陳文若有所感,捧起那隻荷包。就在這時,一段不屬於他的記憶碎片,猛地湧入他的腦海……
戰火紛飛,硝煙彌漫。年輕的兵士渾身是血,倒在泥濘之中。他的手中緊緊攥著斷劍和軍牌,懷裡的荷包已被鮮血浸透。他望著家鄉的方向,眼中是無儘的眷戀與不甘:“念卿……等我……回家……”
然而他終究沒能回家。他的屍體被同袍草草掩埋在這河灘之下,上麵匆匆蓋了一塊石板。歲月變遷,河道改易,他的埋骨之地漸漸被泥沙掩蓋,被人遺忘。他的魂魄因執念太深,未能歸於天地,亦未能前往幽冥,隻能在屍骨附近徘徊,年複一年,看著河水漲落,看著小鎮變遷。
直到這場大旱,河水乾涸,河床開裂。極度的乾旱與地氣變動,加之多年積聚的陰氣與死氣,竟在他埋骨之處不遠,蝕開了一個通往更深層陰幽之地的裂隙——那便是魙洞。洞中的陰晦之氣,開始侵蝕他本就脆弱的魂魄。
鬼魂若再“死”一次,便是化為魙的徹底寂滅。他感應到了這種威脅,不僅僅是自己,那洞中溢出的氣息,更開始影響整個小鎮的生靈。他殘留的意念不想害了故鄉之人,也不想徹底消散,遺忘那份刻骨銘心的執念。於是,他憑借最後一點靈犀,向鎮上唯一一個對這些神秘之事抱有好奇與善意的人——陳文啟,發出了求助的信號……
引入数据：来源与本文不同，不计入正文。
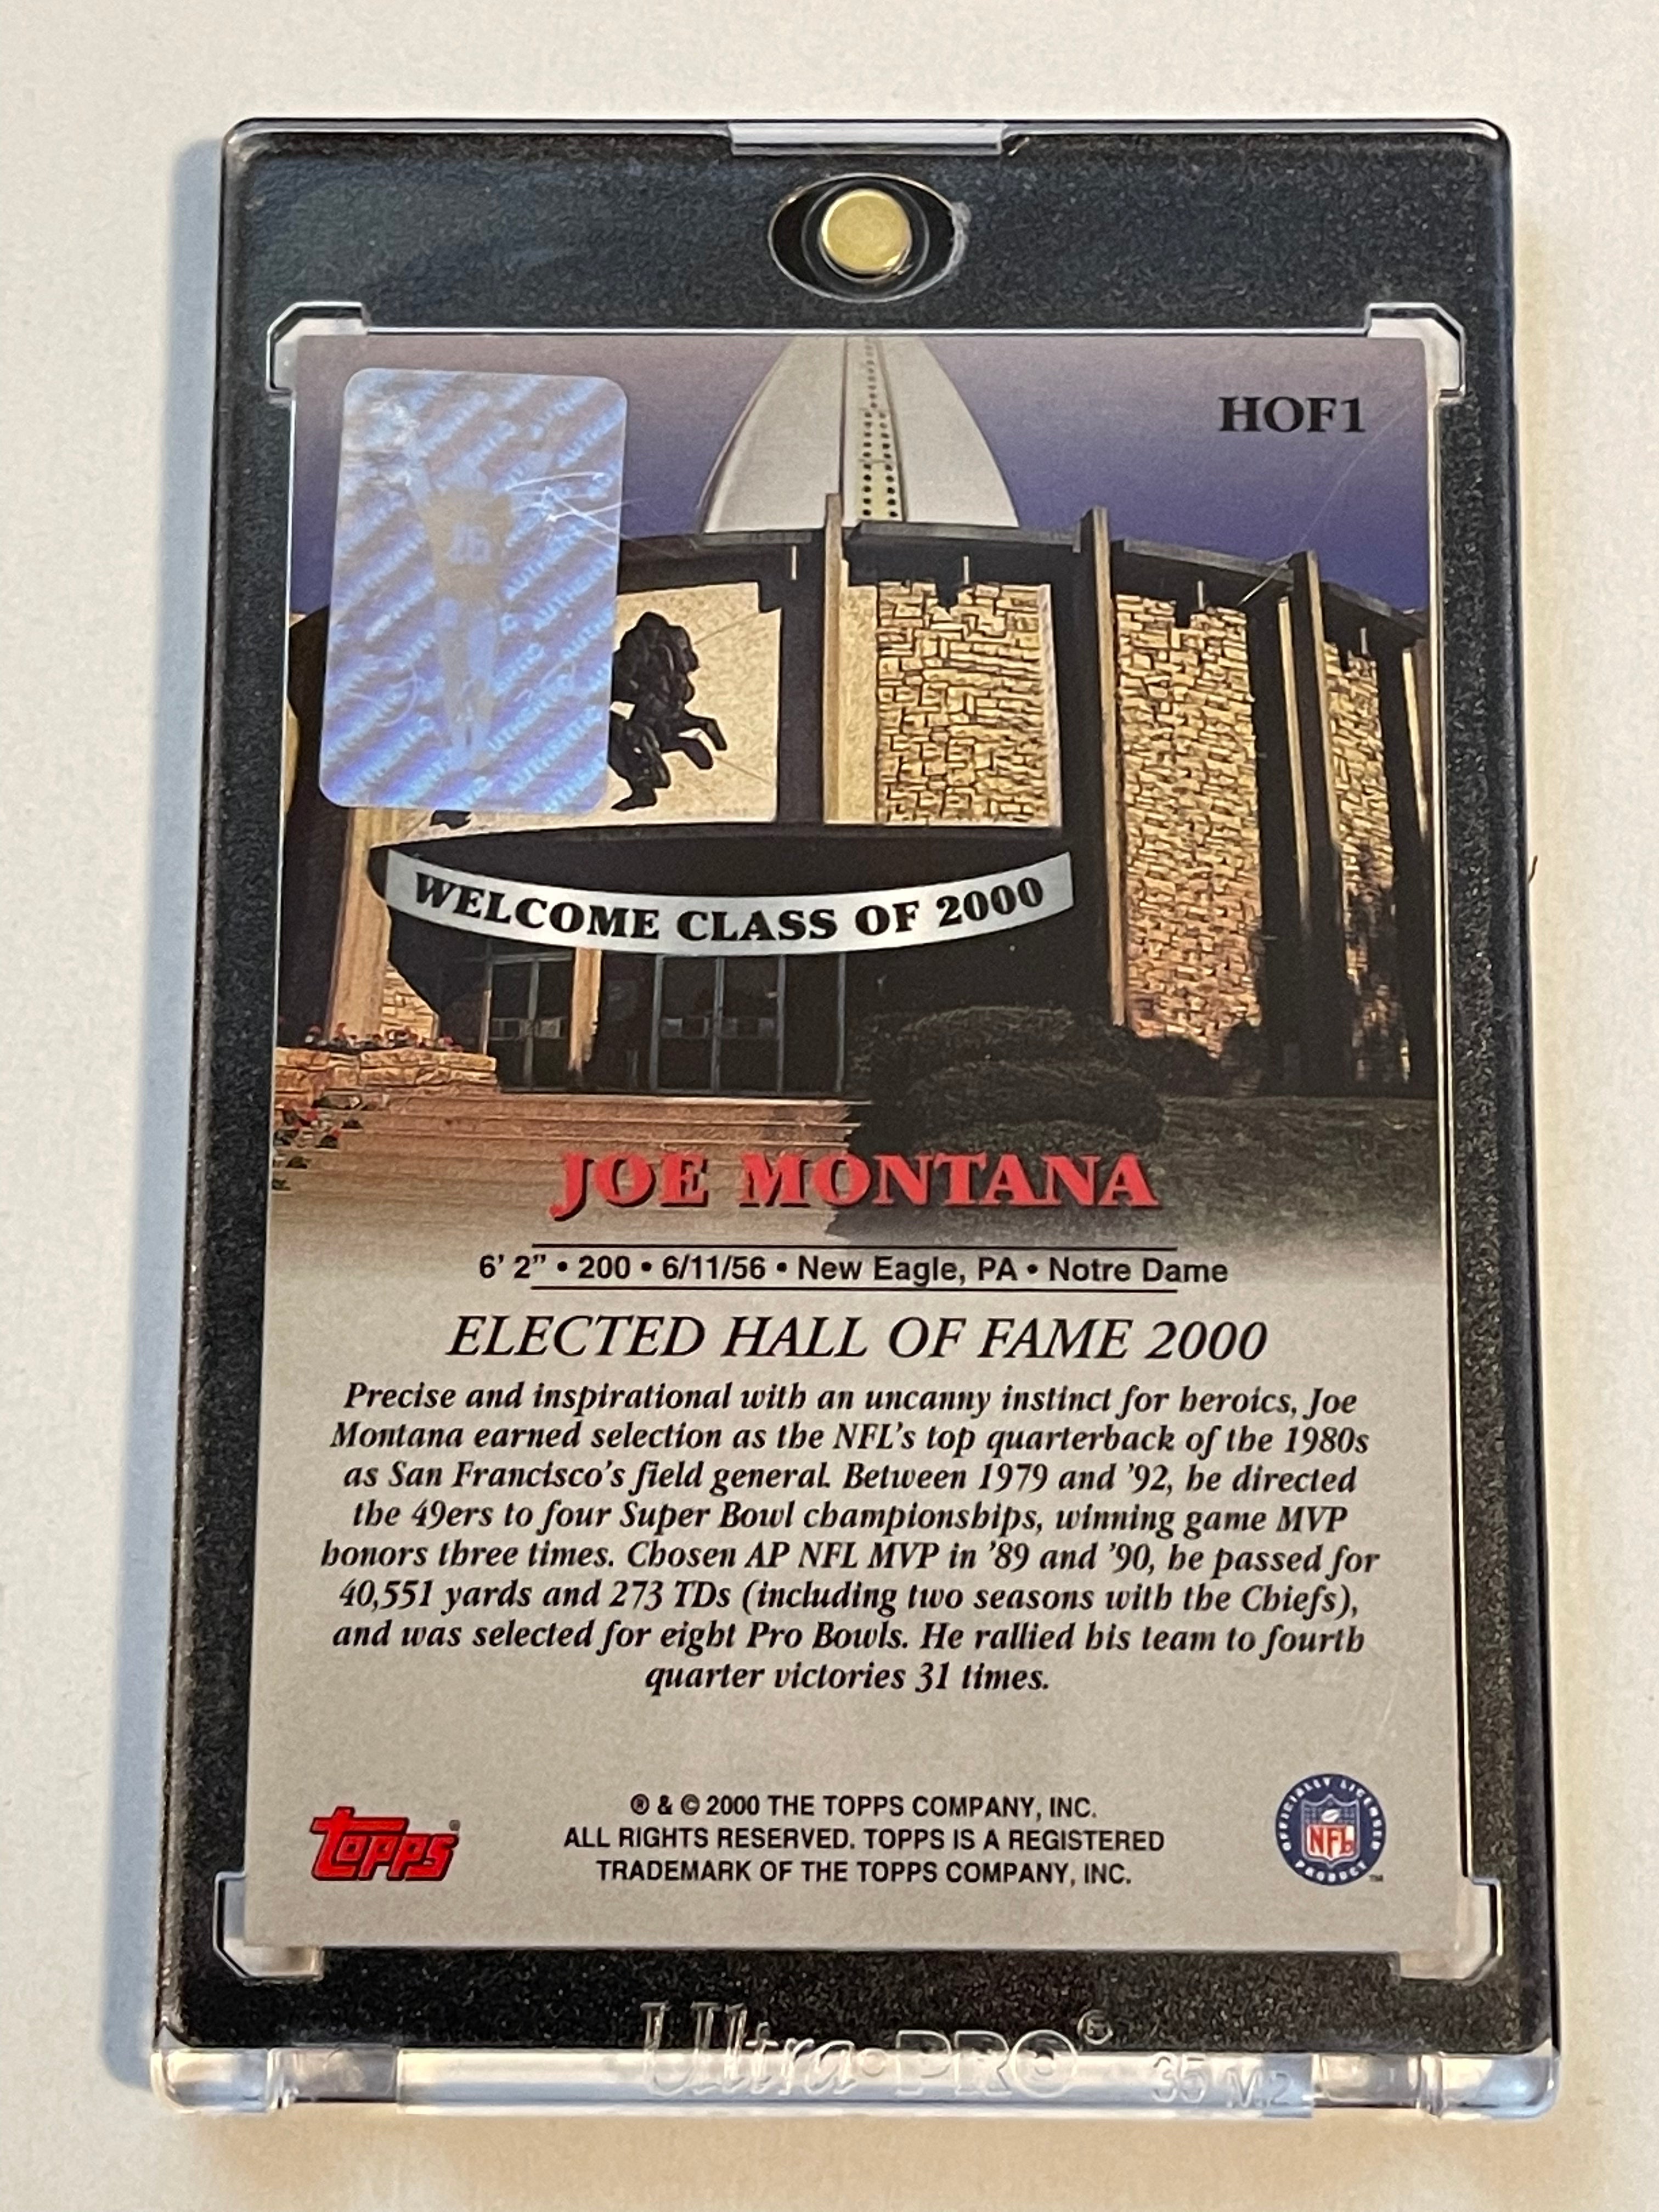 Joe Montana Football Hall of fame autograph card certified by Joe Montana company 2000
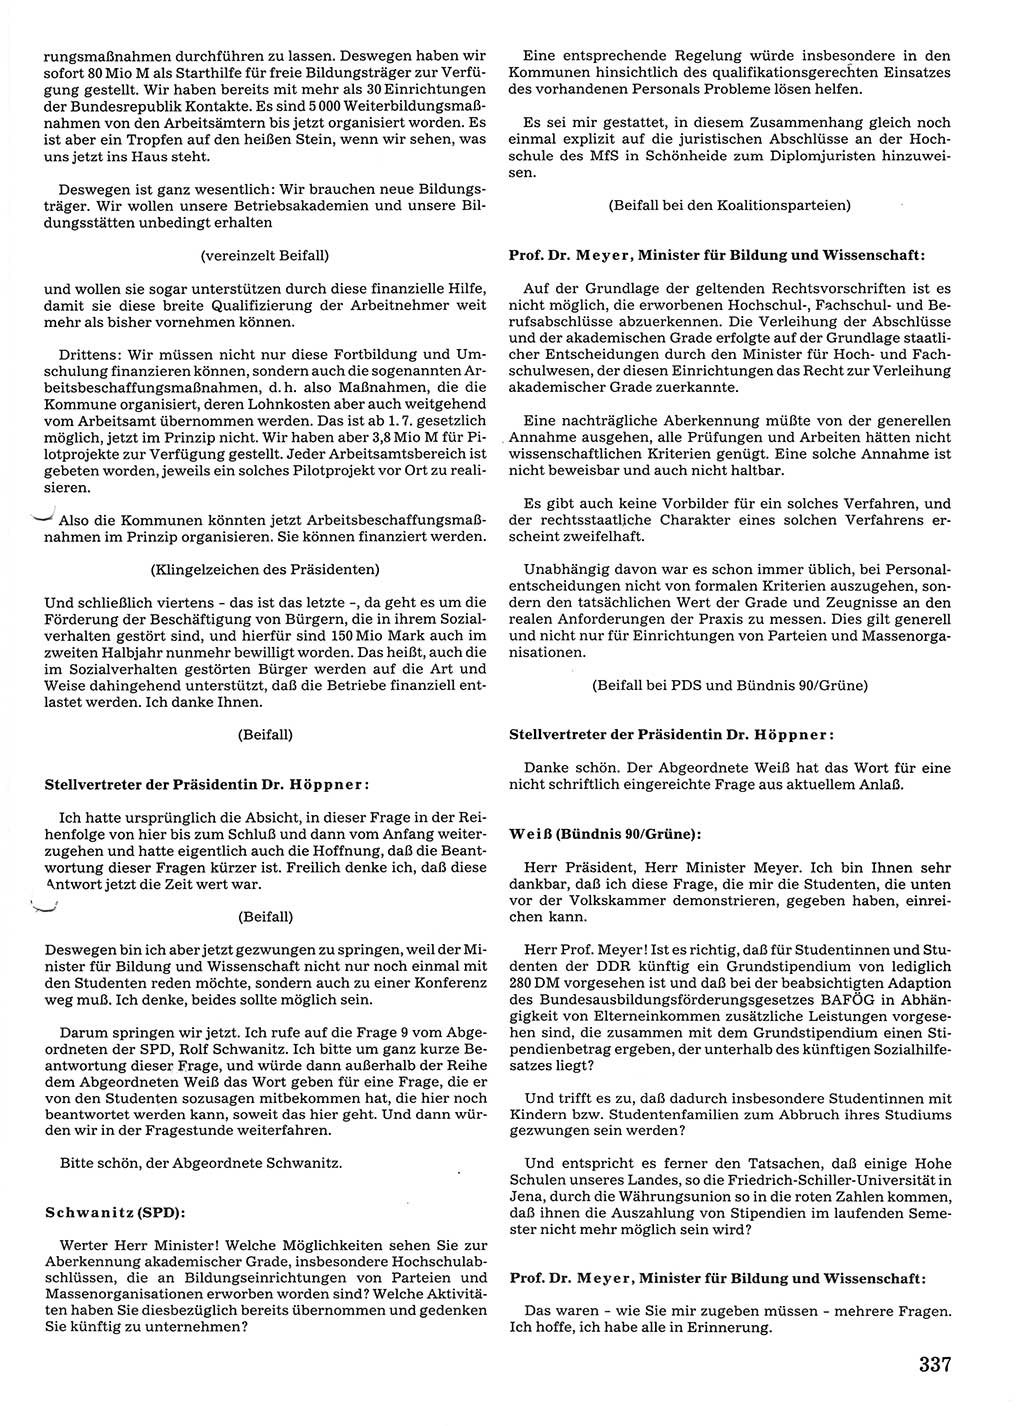 Tagungen der Volkskammer (VK) der Deutschen Demokratischen Republik (DDR), 10. Wahlperiode 1990, Seite 337 (VK. DDR 10. WP. 1990, Prot. Tg. 1-38, 5.4.-2.10.1990, S. 337)

記憶碎片戛然而止。陳文啟捧著荷包,怔怔地流下淚來。他明白了那悲戚的嗚咽,那焦急的指引。
他小心翼翼地將石棺中的物品取出,用乾淨的布包好。然後和二狗他們一起,將石棺重新掩埋,壘起一個小小的墳塋。
做完這一切,他再次走到那魙洞邊。洞中的灰影似乎平靜了許多,那個最為凝實的影子飄浮在洞口,對著陳文啟,緩緩地、似乎用儘全部力氣,做出了一個“鞠躬”的動作。
然後,它率先調轉方向,向著洞內深處沉去。其他的灰影也跟隨其後,如同得到了召喚,紛紛沉入無儘的黑暗之中。
洞中那刺骨的陰寒之氣,開始逐漸減弱。那令人心悸的嗚咽聲,也漸漸低不可聞。
陳文啟回到鎮上,將荷包等物交給了喬三爺,並講述了自己的所見所感。喬三爺聽後,長歎一聲:“執念如山,魂兮歸來。而今塵歸塵,土歸土,念有所托,想必他已能安息了。”
喬三爺讓陳文啟找來那兵士的家人根據荷包上的名字和鎮誌記載,找到了他早已年邁的妹妹)。家人將這些遺物迎回,妥善安葬,並請僧人做了法事。
說也奇怪,自那日後,河床上的怪洞竟自行緩緩合攏,不過三五日,便消失無蹤,仿佛從未出現過。那些染上怪病的人,也漸漸康複了。
沒過幾天,一場酣暢淋漓的大雨降臨柳河鎮,乾涸的河床再次被河水充盈。
小鎮恢複了往日的平靜,似乎一切都隻是一場離奇的夢。但陳文啟知道,那並非夢境。他親眼見過那些徘徊於寂滅邊緣的可悲存在,見證過一段深沉如海的執念。
後來,陳文啟離開了柳河鎮,繼續了他的學業。但他的人生軌跡卻由此改變。他致力於搜集、研究各地誌怪傳說、民俗異聞,尤其關注那些戰亂與災難背後的個體記憶與超自然敘事。他成為了一位小有名氣的民俗學者。
終其一生,他再未親眼見過“魙”。但他常常會想起那個指向河床的灰影,想起那個繡著“念卿”二字的荷包。
他明白,有些東西,比鬼更深,比死更寂。那是逝者殘存於世的最後一點念想,是湮沒於宏大曆史中的微小塵埃,是無聲的悲歌,也是不滅的見證。
它們或許不祥,或許令人畏懼,但或許……也隻是在無望地尋求著一個安息,等待著一聲回應,一次銘記。
而這,便是關於“魙”的故事。一個存在於幽冥更深處,關於遺忘與記憶,關於終結與執念的傳說。